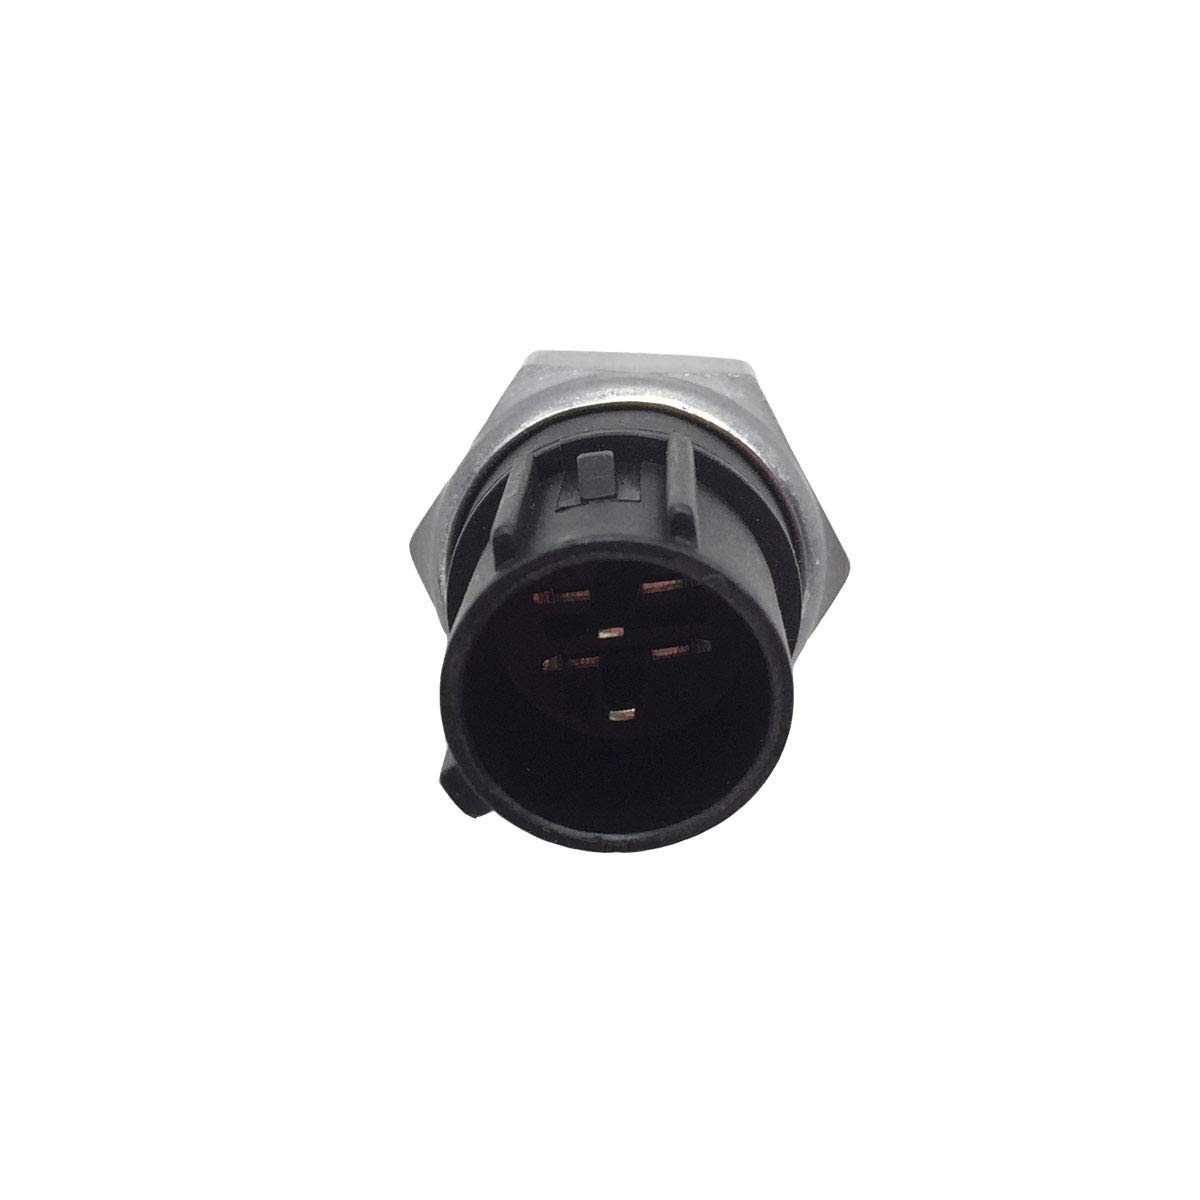 37250PNEG01 Oil Pressure Switch 37250-PNE-G01 for Acura rdx Honda Accord City Civic
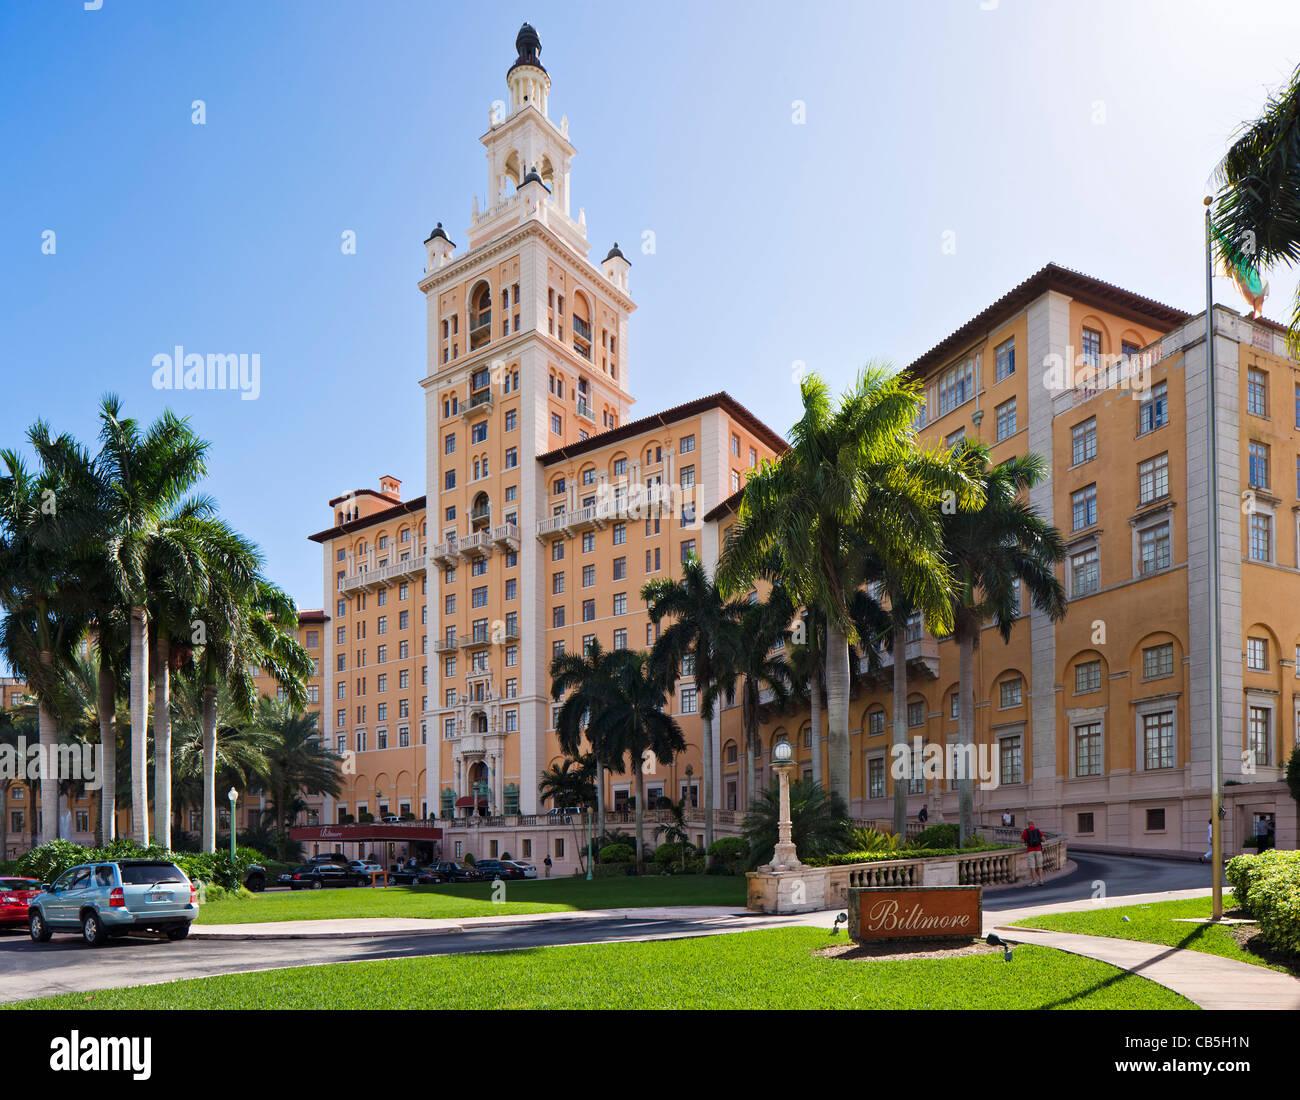 The Biltmore Hotel, Coral Gables, Miami, Florida, USA Stock Photo
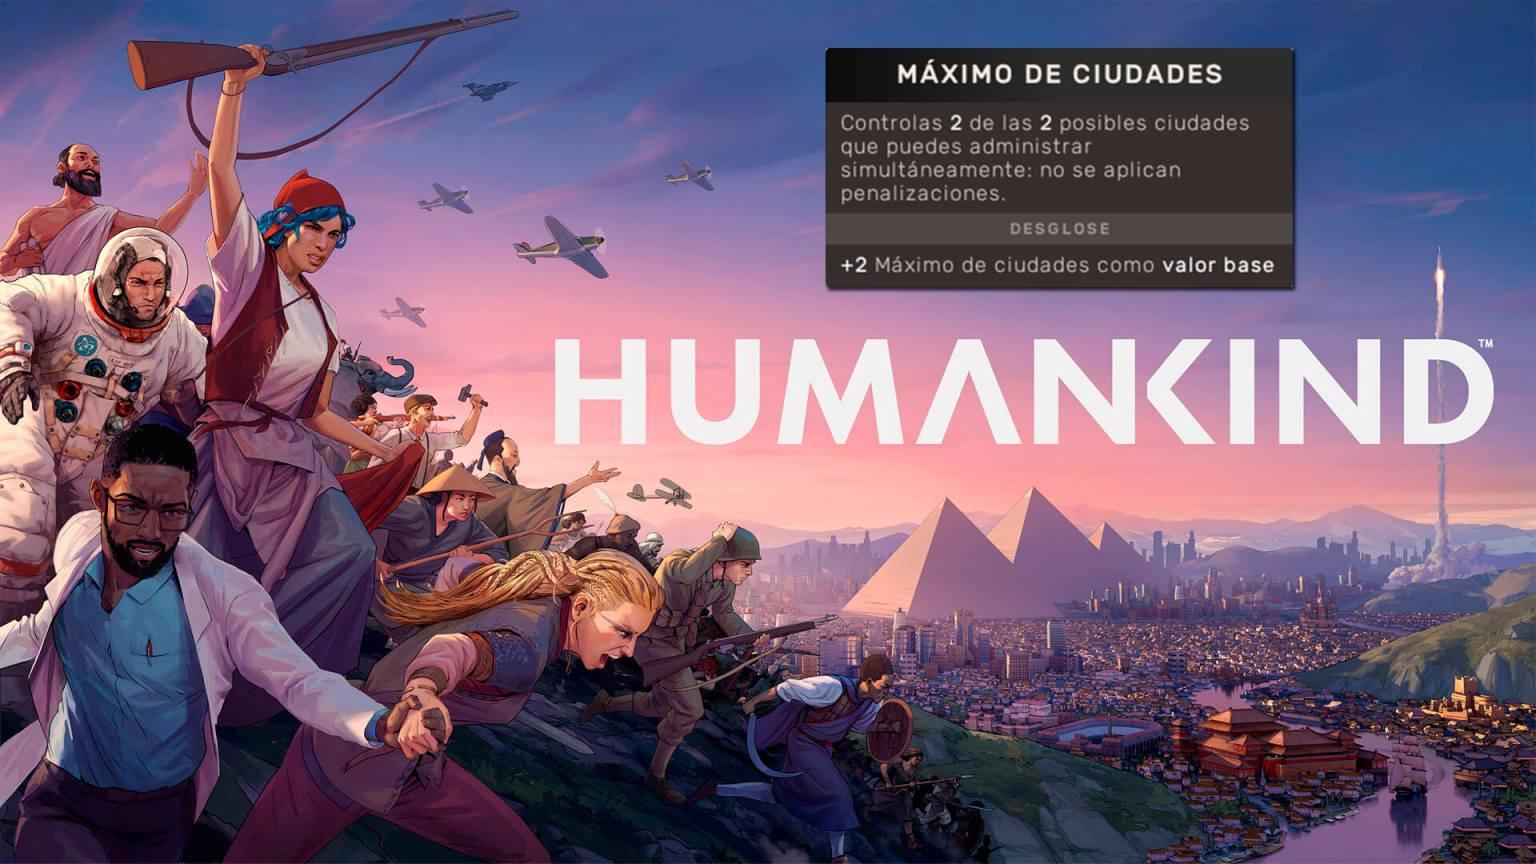 Humankind ciudades
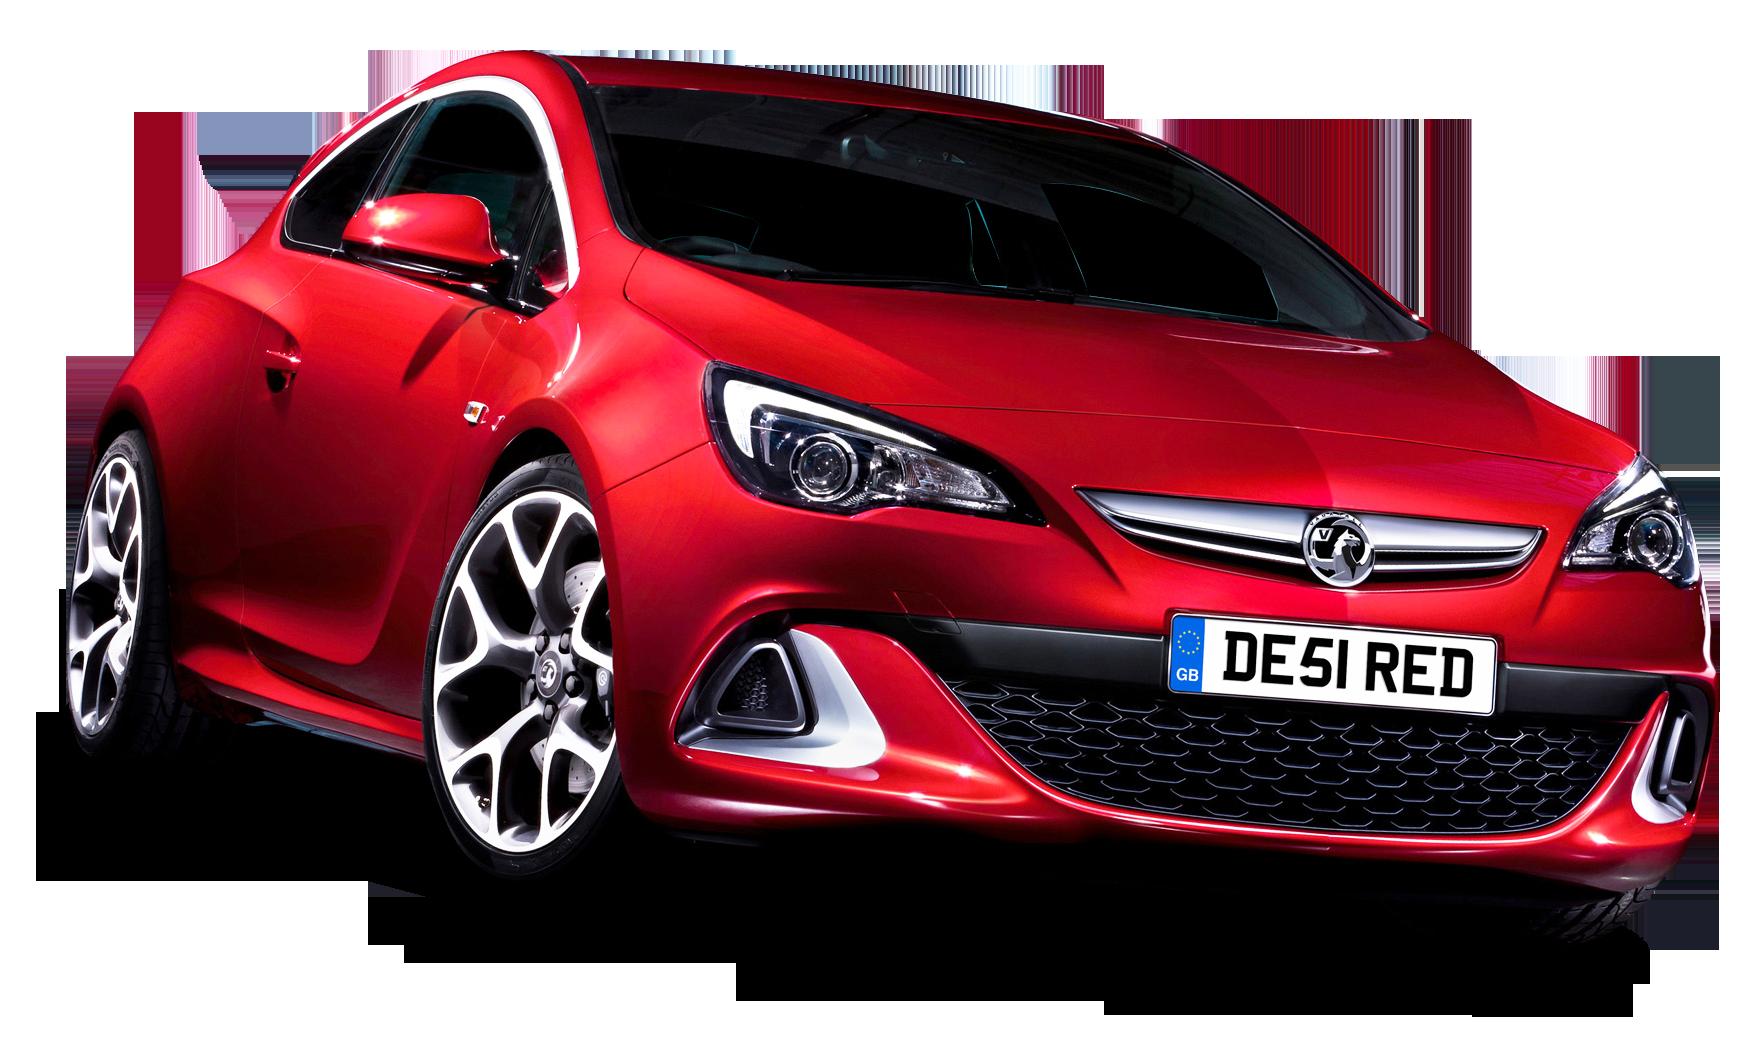 Red Vauxhall Astra VXR Car
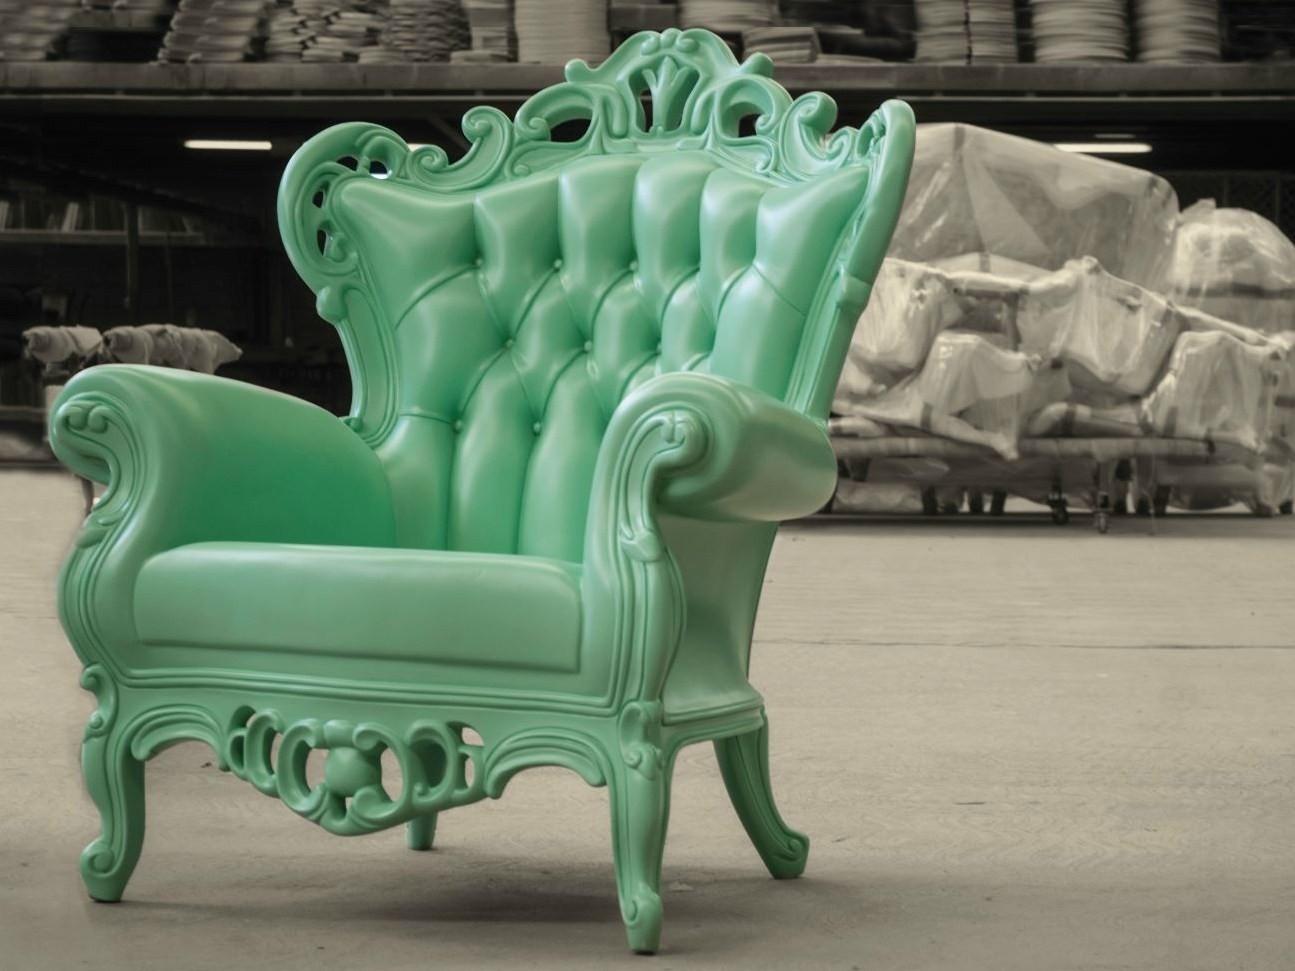 Attirant Outdoor Plastic King Chair
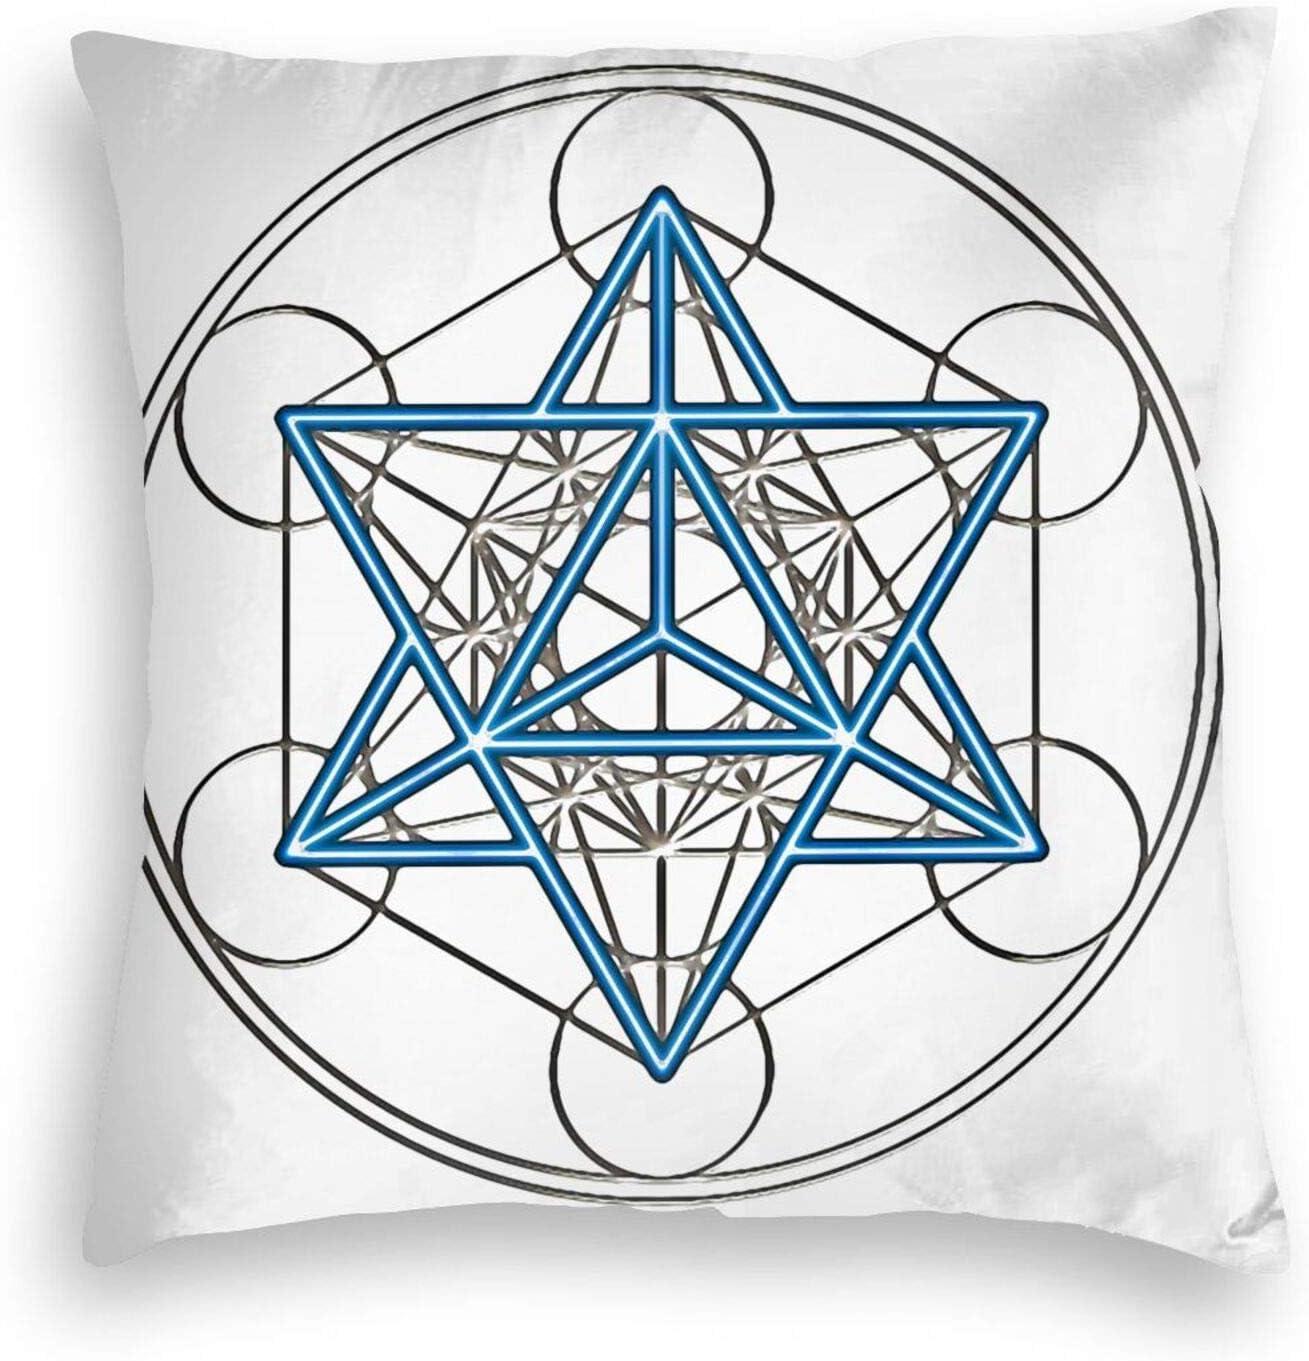 MHHYY Sacred Geometry, Star Tetrahedron Velvet Pillowcase Soft Solid Cushion Case for Bedroom

_ _ _ _ _ _ _

ACTION ITEM: Set down the material above exactly. Skip any picture.

EXPECTED OUTPUT:
 37250PNEG01 Oil Pressure Switch 37250-PNE-G01 for Acura rdx Honda Accord City Civic
 The Biltmore Hotel, Coral Gables, Miami, Florida, USA Stock Photo
 Humankind ciudades
 Red Vauxhall Astra VXR Car
 Attirant Outdoor Plastic King Chair
 MHHYY Sacred Geometry, Star Tetrahedron Velvet Pillowcase Soft Solid Cushion Case for Bedroom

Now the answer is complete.